The UK's South Asian population, the largest minority ethnic group at 4% of the total population,1 are known to have an elevated risk of coronary artery disease—hence research on ethnic differences in disease has concentrated on this area.2 In contrast, South Asians have a lower incidence of cancer than the general population, with standardised incidence ratios (SIRs) of all malignant neoplasms reported as 68% lower in males and 48% lower in females,3 whilst standardised mortality ratios for all cancers have been reported between 58 in Indian men at their best to 85 at their worst in Bangladeshi men.4
Economic development has resulted in an increased uptake of sedentary habits, tobacco use and high-fat diets, leading to the concept of the epidemiological transition as originally described by Omran.5 Increasing adoption of the detrimental aspects of the developed world lifestyle is resulting in a shift of epidemiological patterns of cancers in South Asians living in the developed world towards that of the majority population. Rates of cancer in South Asians in England, though lower than rates in the rest of the English population, are higher than rates in the Indian subcontinent.6 The incidence of breast cancer is increasing in South Asians,7 and although lung cancer mortality is lower among most South Asian populations than the general population of England and Wales, it is the most common cancer among South Asian men and its incidence is on the increase.8
Health protection around cancer in South Asians has focused on ethnic-specific issues such as the increased risk of oral cancer from bidi smoking and chewing tobacco, habits which are prevalent in some South Asian communities,9 and liver cancer due to the increased prevalence of hepatitis B in this ethnic group.6 However, the most common cancers in ethnic minorities are now the same as those of the general population—breast cancer is the most common malignancy among female South Asians and lung cancer the most common malignancy among male South Asians in the UK.10 All-cancer mortality in South Asian migrants has been found to increase with duration of residence in England and Wales, even after adjusting for socio-economic position.11 If lung cancer mortality reflects smoking habits of populations 20-30 years previously, as has been proposed,3 the likely progression from contemporary behavioural changes to future incidence and mortality data is all too predictable.
Though smoking rates in ethnic minorities remain overall relatively lower than in the majority population, it is of great concern that 43% of Bangladeshi men smoke compared to the national average of 27%.8 Yet despite high levels of motivation to quit, Bangladeshis have been found to tend to rely on willpower rather than health service interventions, resulting in poor quit rates,12 whilst ethnic minority patients were significantly less likely to receive advice on smoking cessation in one study.13 Much of the UK Bangladeshi community are classified as having low socioeconomic status, high rates of unemployment and low levels of formal female employment,14 and with higher smoking rates being found in inner-city ethnic minority communities,15 the finding that those in higher social classes have higher quit rates16 is a further source of inequity.
Differential uptake rates for screening by ethnic group have also been reported. One pilot study on uptake of colorectal screening for ethnic groups reported significantly lower rates amongst South Asians,17 despite increasing developed world influences on dietary patterns.18 Different groups are characterized by different dietary patterns, but such patterns are not permanent, being influenced by the background cultural environment.
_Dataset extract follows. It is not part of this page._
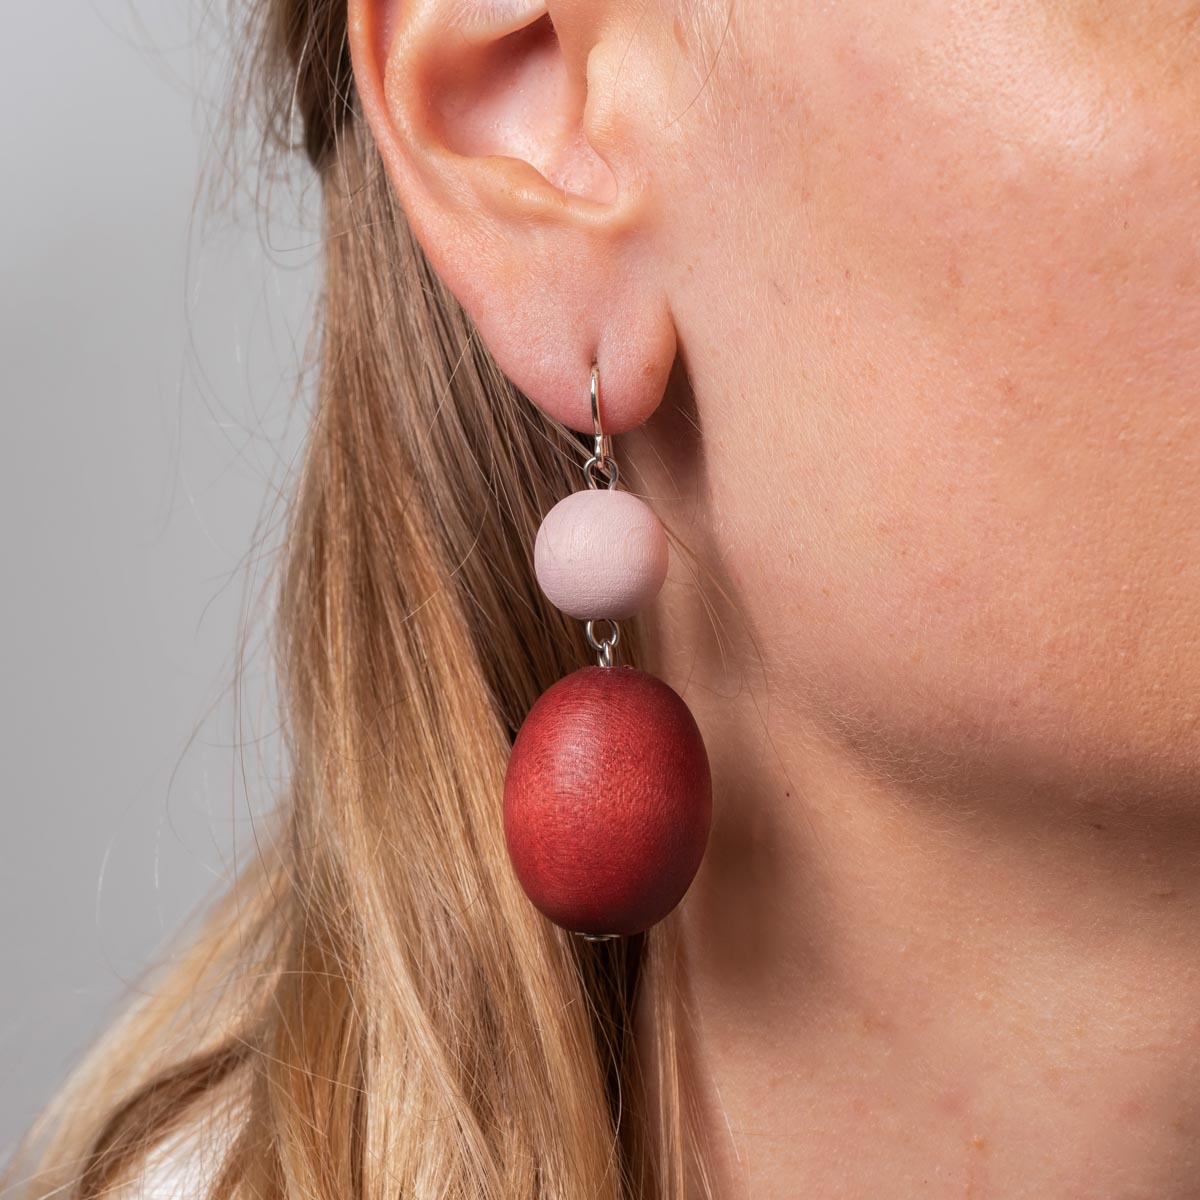 Taateli earrings, red

With the introduction of mass screening in the UK for colorectal cancer, uptake in all minority ethnic groups needs to be monitored and reasons for any differential uptake rates observed investigated.
The tendency to emphasise the importance of cancers such as those of the head and neck among South Asians (because those cancers are relatively more common than in the majority UK population) ignores the wider picture of absolute numbers of cancer cases.10 Cancer is used an example here, but there will be other examples of disease areas where, with increased time since migration and increasing life expectancy amongst ethnic minorities, disease patterns will start to resemble that of the majority population. This was highlighted over 10 years ago.19 Community awareness of this shift in epidemiology and access to appropriate preventive and curative services for them needs to improve.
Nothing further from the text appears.